OKLAHOMA CITY (Oct. 16, 2024) — Attorney General Gentner Drummond on Tuesday asked the U.S. Supreme Court to review an appellate court’s decision upholding the Biden Administration’s suspension of a family planning grant that Oklahoma has received for more than 40 years.
After the landmark Supreme Court decision overturning Roe v. Wade, Oklahoma declined to provide abortion referrals under Title X, which itself prohibits Title X funds from being used for abortion. However, the Biden-Harris Administration decided to deny millions of dollars in funding to the Oklahoma State Department of Health solely because of Oklahoma’s refusal, and instead gave the Title X grant money to pro-abortion groups.
In July, the U.S. Court of Appeals for the Tenth Circuit sided with the Biden-Harris Administration, ruling incorrectly that – despite clear mandates protecting Oklahoma’s decision in federal law – the federal government was not required to award grant funding to a state health department that does not offer abortion referrals.
In the petition for a writ of certiorari, Drummond wrote that the federal government’s expansive claim that it can force unwilling states to provide abortion referrals under Title X is “remarkably wrong” and “unacceptably shifts legislative power to the executive branch.” He also pointed out that the Supreme Court “has time and again granted certiorari to protect conscientious objectors and the like from federal overreach,” and urged the Court to do so here as well.
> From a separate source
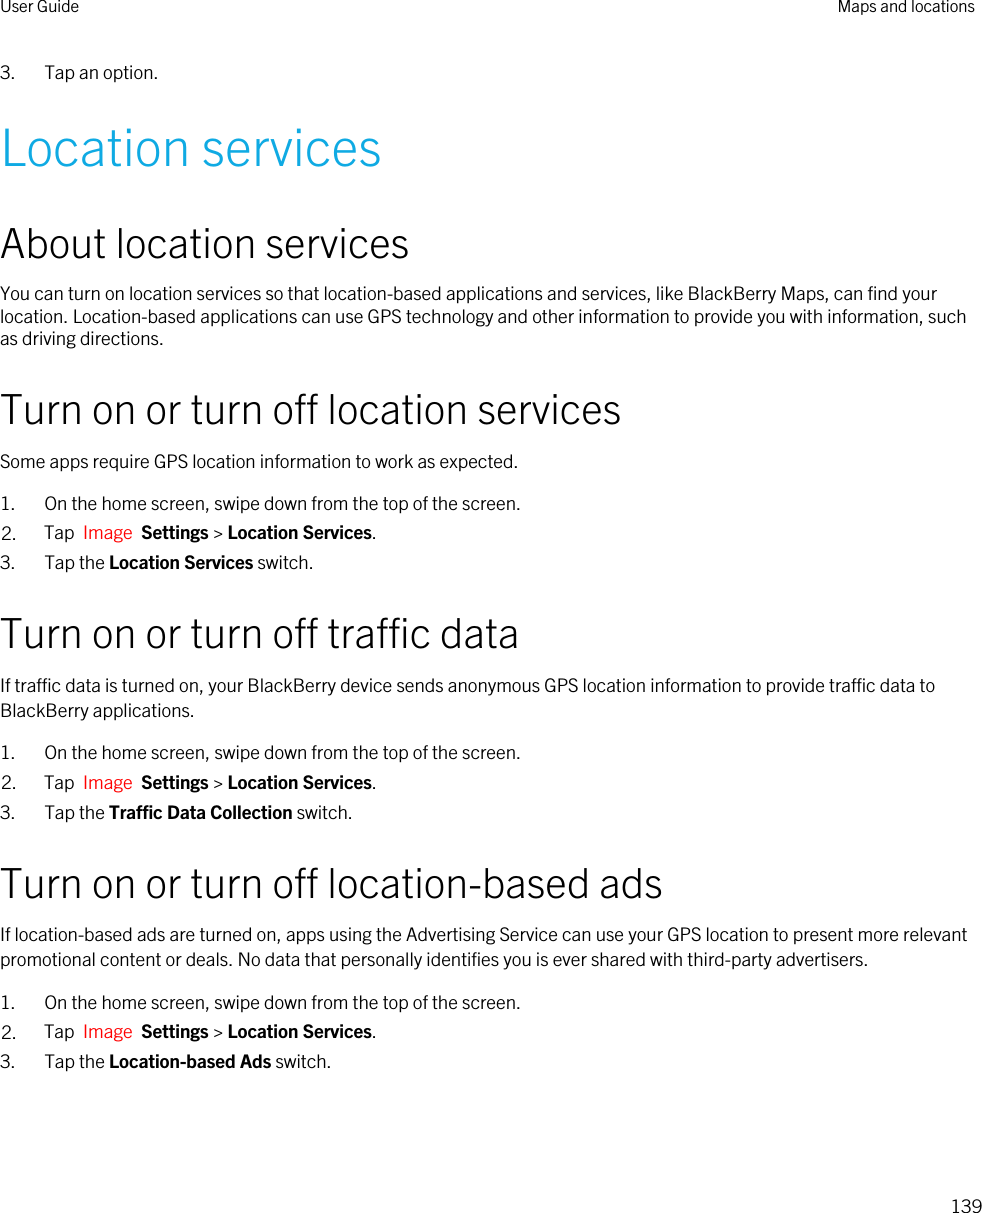 3. Tap an option.Location servicesAbout location servicesYou can turn on location services so that location-based applications and services, like BlackBerry Maps, can find your location. Location-based applications can use GPS technology and other information to provide you with information, such as driving directions.Turn on or turn off location servicesSome apps require GPS location information to work as expected.1. On the home screen, swipe down from the top of the screen.2. Tap  Image  Settings &gt; Location Services.3. Tap the Location Services switch.Turn on or turn off traffic dataIf traffic data is turned on, your BlackBerry device sends anonymous GPS location information to provide traffic data to BlackBerry applications.1. On the home screen, swipe down from the top of the screen.2. Tap  Image  Settings &gt; Location Services.3. Tap the Traffic Data Collection switch.Turn on or turn off location-based adsIf location-based ads are turned on, apps using the Advertising Service can use your GPS location to present more relevant promotional content or deals. No data that personally identifies you is ever shared with third-party advertisers.1. On the home screen, swipe down from the top of the screen.2. Tap  Image  Settings &gt; Location Services.3. Tap the Location-based Ads switch.User Guide Maps and locations139

He said the suspension of grant funds risks hurting Oklahomans who are in desperate need of healthcare services such as cancer screening, breast exams, depression screening and pregnancy prevention.
“Oklahomans have depended upon these services for decades,” Drummond said. “Just because Oklahoma’s state policies clash with the liberal Biden-Harris agenda does not mean our people should be denied healthcare, particularly when federal law makes it clear that Title X cannot be used for abortion.”
Drummond is asking the justices to grant certiorari for two key reasons. First, the Tenth Circuit did not comply with Supreme Court precedents and split with multiple circuits by claiming that mere regulations can provide clarity that is otherwise lacking in a Spending Clause statute. In addition, the Weldon Amendment prohibits the federal government from discriminating against a state health department that declines to give abortion referrals.